Поздний ужин они устроили на веранде.
– Откуда эти гастрономические чудеса? – спросила Галина, сделав большие глаза.
– Да из ресторана, спецзаказ. Я ведь отлично знаю, что ты не только кувыркаться любишь. Помнишь, как я признался тебе в любви.
– Да, – грустно ответила она. – Это были наши лучшие дни. Мы только-только узнали друг друга.
– Чепуха, – ответил он, – сейчас в два раза лучше.
– Почему в два?
– Потому что нас стало двое. Ты и я, один и один.
– Ну, ладно, уговорил. Я женщина слабая, уступчивая, – улыбнулась Галя.
– Ты – слабая? – возмутился Зотов. – Я вообще не понимаю, как ты умудряешься терпеть все мои заморочки?
– А как это я умудряюсь любить тебя? А ведь я тебя люблю. Это я-то, которую иные мужики боятся.
– Пусть боятся, – ответил он, – правильно, я считаю, делают. Мудро поступают. Я тоже боюсь тебя, только по-другому.
– А как это? – прищурилась она. – А, знаю, ты боишься меня потерять. Потому что только ты владеешь мной.
– Не только это, я боюсь, как бы это сказать – сыграть в ящик раньше времени, поняла? Потому что у меня есть ты. Ну что ты будешь без меня делать?
– Я поняла, – ответила Галина. – Это нечеловеческая страсть. Бывает же такое на свете. Кстати, я хочу тебе прочесть одну старинную поучительную ирландскую сказку. Сейчас книжку принесу, она в моей сумочке.
Она посмотрела за окно.
– Какая чудесная гроза.
Галя пошла через зал в прихожую. Потом оглянулась и помахала рукой. Копаясь в сумочке, прислушалась к шуму дождя, который внезапно обрушился на дом и сад.

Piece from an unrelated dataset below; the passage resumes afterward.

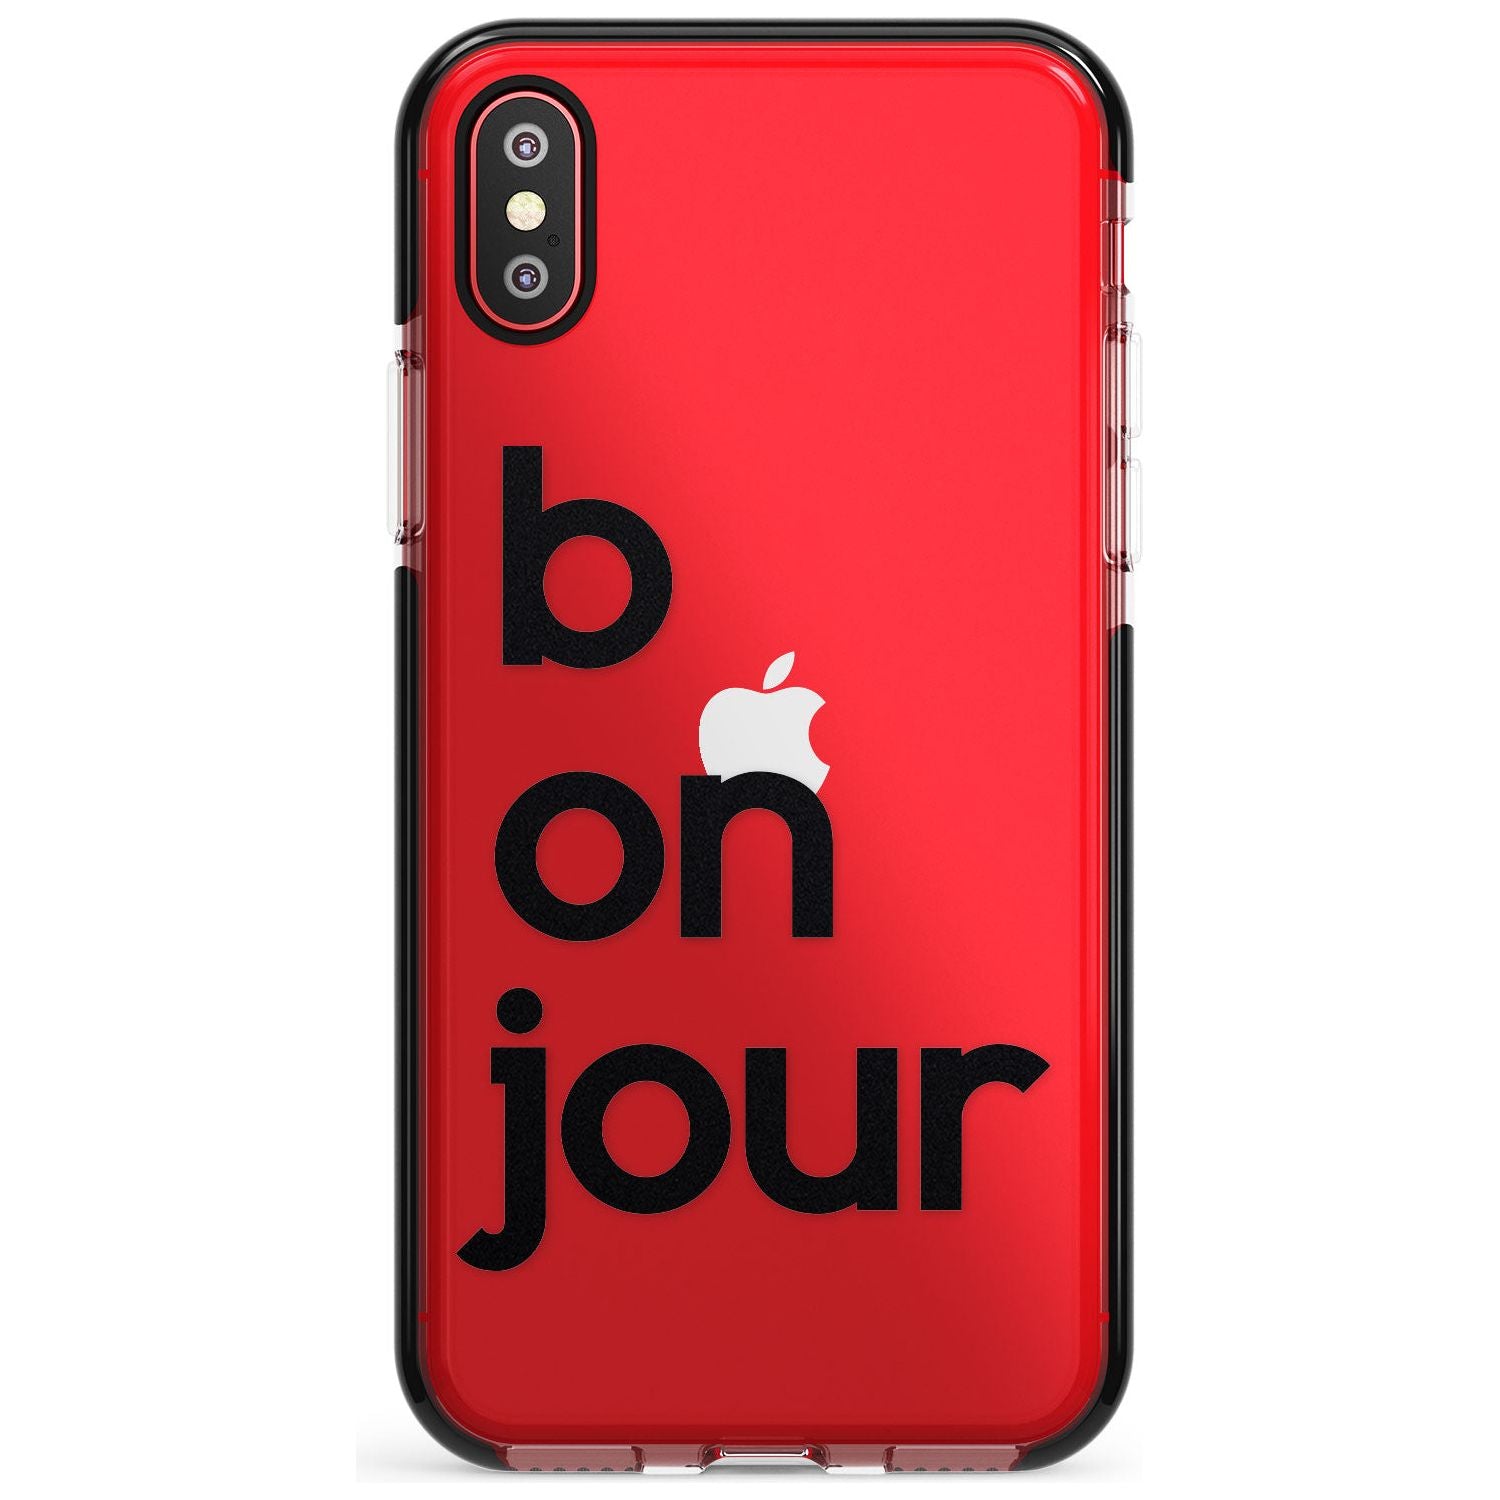 Bonjour Pink Fade Impact Phone Case for iPhone X XS Max XR

«Прекрасное ненастье, – подумала она, – шум времени».
От сильного порыва ветра задребезжали стекла. В саду заметался свет от дальних зарниц. Гроза откатилась куда-то к югу. Дождь лил как из ведра, из-за потоков воды нельзя была различить отдельных деревьев, сад превратился в огромный туманный шар. Эта живая картина заворожила Галю.
Она уже возвращалась, нагая, с торжествующей улыбкой на губах, когда в доме все затряслось. Это был резкий удар грома, после которого установилась редкостная тишина. Над особняком клубилось небо и сверкали молнии. Освещение в комнатах непрерывно менялось, воздух то фосфоресцировал от небесных вспышек, то расползался сумеречной пеленой.
– Ты снова печален после любви, мое счастье? – спрашивала она.
– Нет, – возразил он, – но я давно собираюсь рассказать тебе что-то, а не знаю, как приступить.
– Какую-нибудь историю про твою первую любовь в восьмом классе? – съехидничала она.
– Почему в восьмом? – сурово ответил Максим. – И почему любовь? В десятом и Бог знает что, уж ты мне поверь. Я думаю, что это тебя не травмирует, а, напротив, мы сблизимся еще больше.
– Куда уж больше, – сказала она и игриво просунула руку между его ног. И приготовилась слушать, как она догадалась, страшную или неприятную историю.
– Подожди, ненасытная.
Максим начал что-то говорить о поездке в Ленинград осенью прошлого года, когда они еще не были знакомы. Она вяло и неохотно слушала, завернувшись в плед.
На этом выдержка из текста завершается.